All that happened was I was fourteen years old. Somebody put a full can of hairspray in the trash by mistake. It was Shane’s job to burn the trash. He was fifteen. He was dumping the kitchen trash into the burning barrel while the bathroom trash was on fire, and the hairspray exploded. It was an accident.
Silence.
Now what I wanted my folks to talk about was me. I’d tell them how Evie and me were shooting a new infomercial. My modeling career was taking off. I wanted to tell them about my new boyfriend, Manus, but no. Whether he’s good or bad, alive or dead, Shane still gets all the attention.
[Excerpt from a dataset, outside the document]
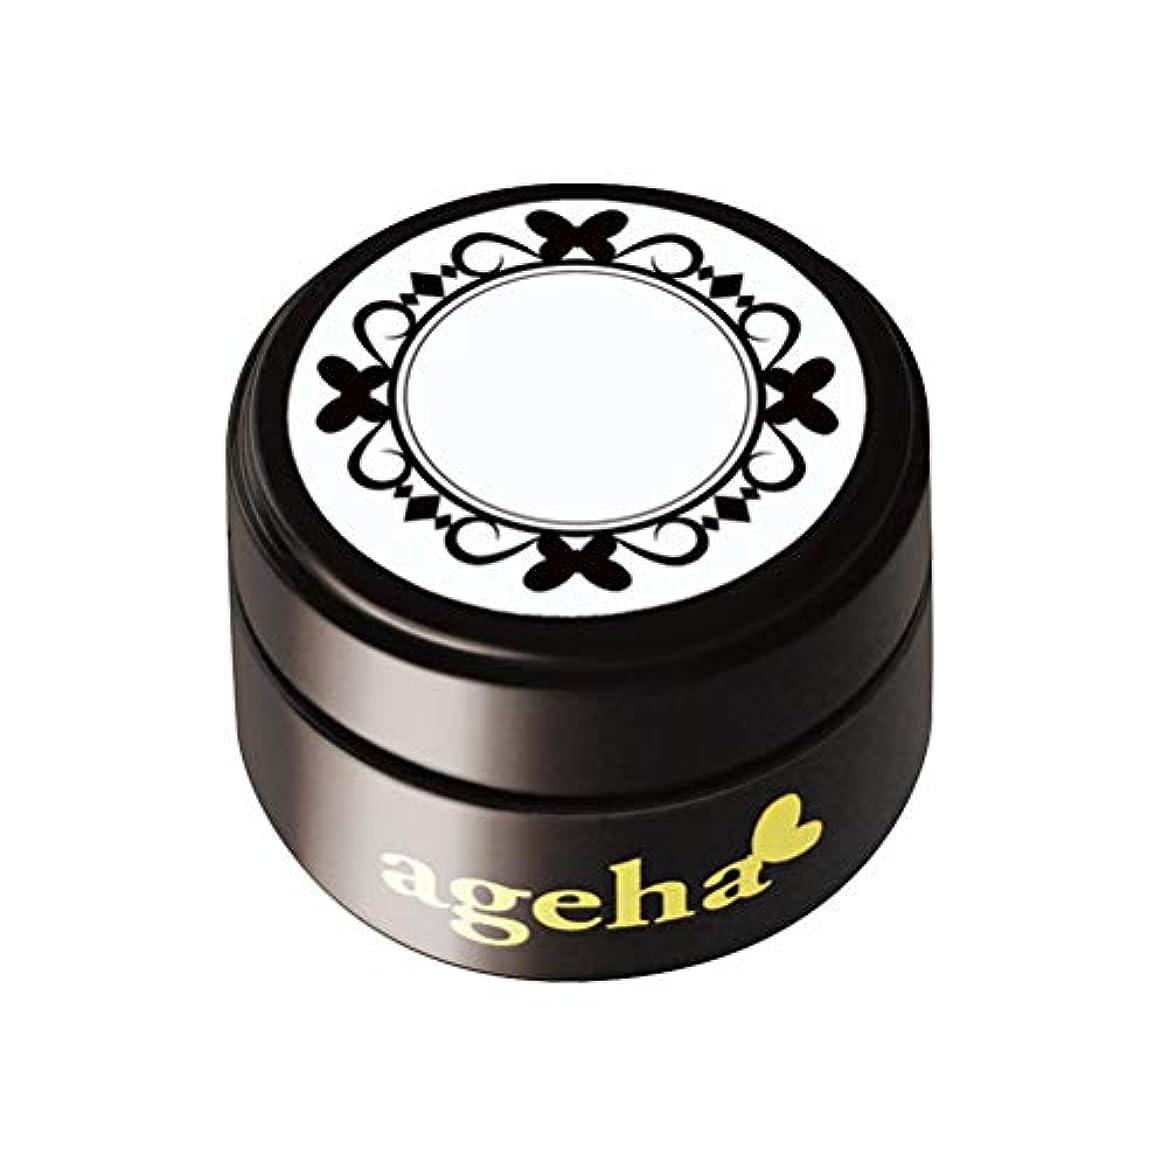 バン特別な進むageha コスメカラー 234 レトロオリーブ 2.7g UV/LED対応

All I ever get is angry.
“Listen,” I say. This just blurts out. “Me,” I say, “I’m the last child you people have left alive so you’d better start paying me some attention.”
Silence.
“Felching,” I lower my voice. I’m calm now. “Felching is when a man fucks you up the butt without a rubber. He shoots his load, and then plants his mouth on your anus and sucks out his own warm sperm, plus whatever lubricant and feces are present. That’s felching. It may or may not,” I add, “include kissing you to pass the sperm and fecal matter into your mouth.”
Silence.
Give me control. Give me calm. Give me restraint.
Flash.
The yams are just the way I like them, sugary sweet but crunchy on top. The stuffing is a little dry. I pass my mother the butter.
My father clears his throat. “Bump,” he says, “I think ‘fletching’ is the word your mother meant.” He says, “It means to slice the turkey into very thin strips.”
Silence.
I say, oh. I say, sorry.
We eat.
CHAPTER EIGHT
Don’t look for me to ever tell my folks about the accident. You know, a whole long-distance telephone crying jag about the bullet and the emergency room. That’s not anywhere we’re going. I told my folks, as soon as I could write them a letter that I was going on a catalogue shoot in Cancún, Mexico, for Espre.